Before loading your model, pre-read all weight files into the OS page cache using parallel I/O. When the model loader then reads the files, they’re already cached in memory and load instantly.
import subprocess

MODEL_DIR = "/data/models/my-model"

subprocess.check_call(
    f"find '{MODEL_DIR}' -type f | xargs -P 32 -I {{}} cat {{}} > /dev/null",
    shell=True
)
This reads up to 32 files simultaneously, pulling them into the page cache.

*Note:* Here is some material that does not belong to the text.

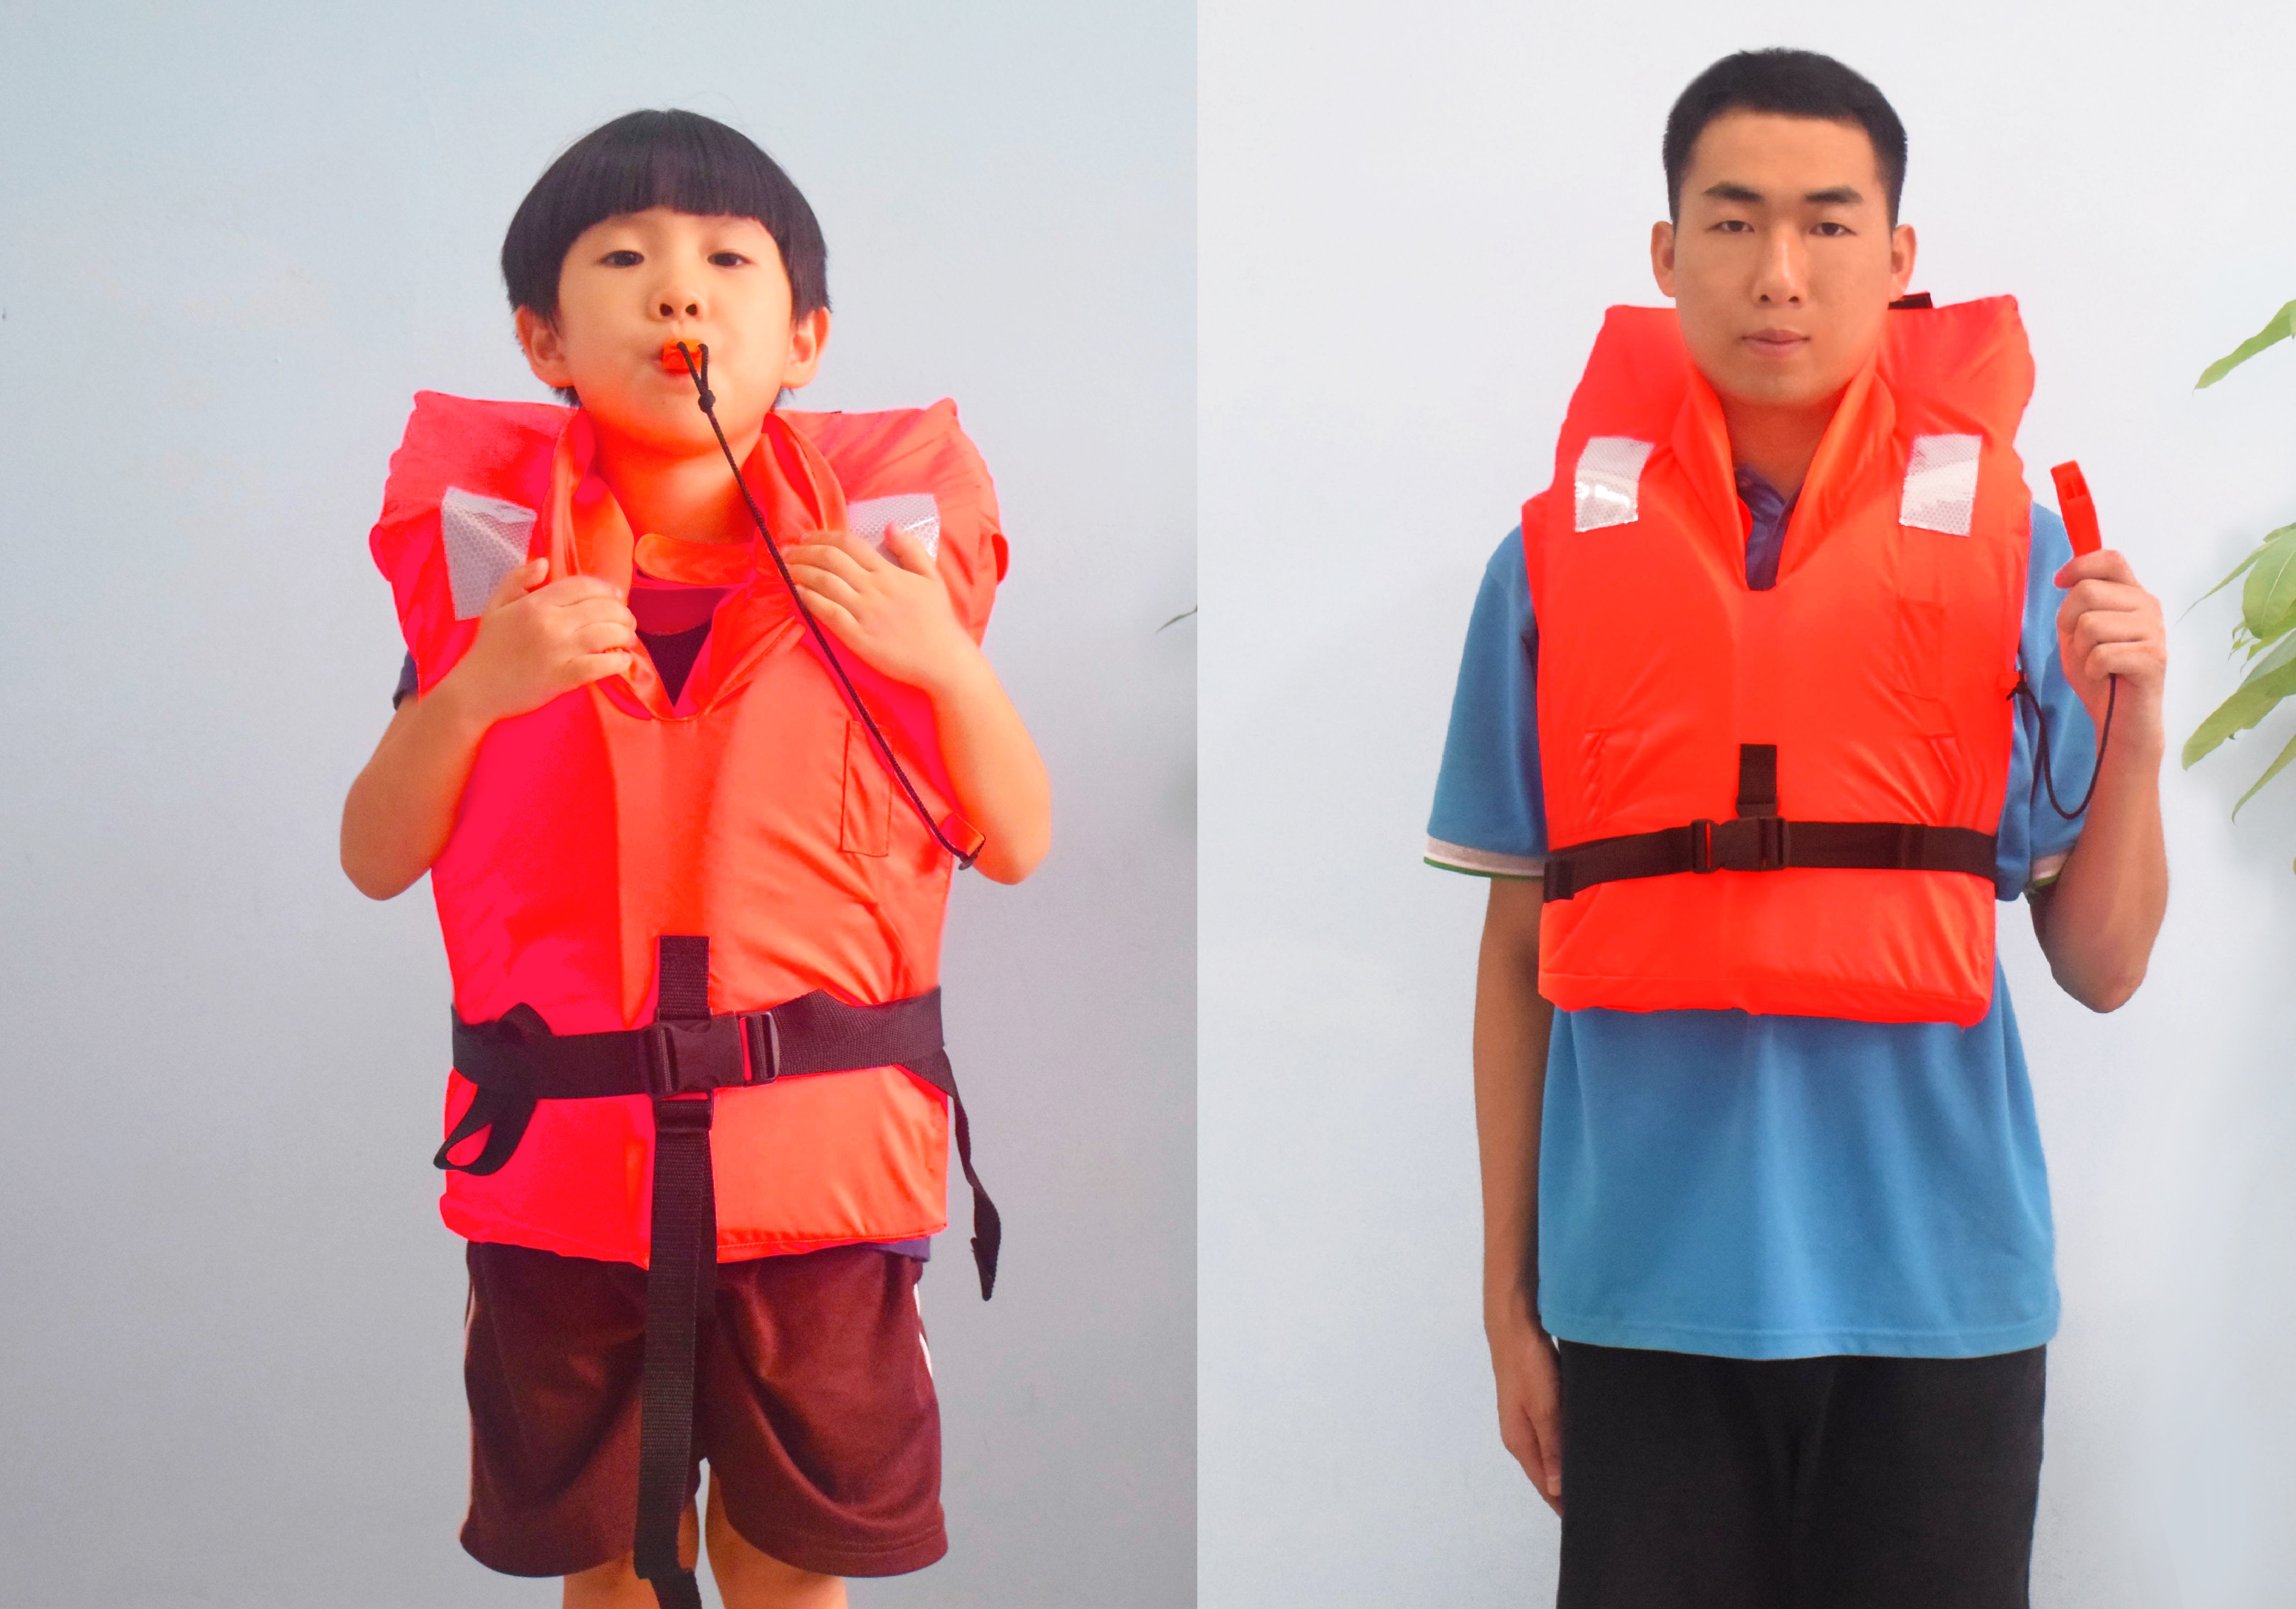 海事處指理大研製成人兒童通用救生衣快將投產| 頭條日報

The subsequent from_pretrained() call then reads from cache instead of the network.

Using It in Your App

Add the pre-read step at the beginning of your setup() method, before model loading:
import fal
import subprocess

class MyModel(fal.App):
    machine_type = "GPU-H100"

    def setup(self):
        import torch
        from diffusers import StableDiffusionXLPipeline

        model_dir = "/data/models/stable-diffusion-xl"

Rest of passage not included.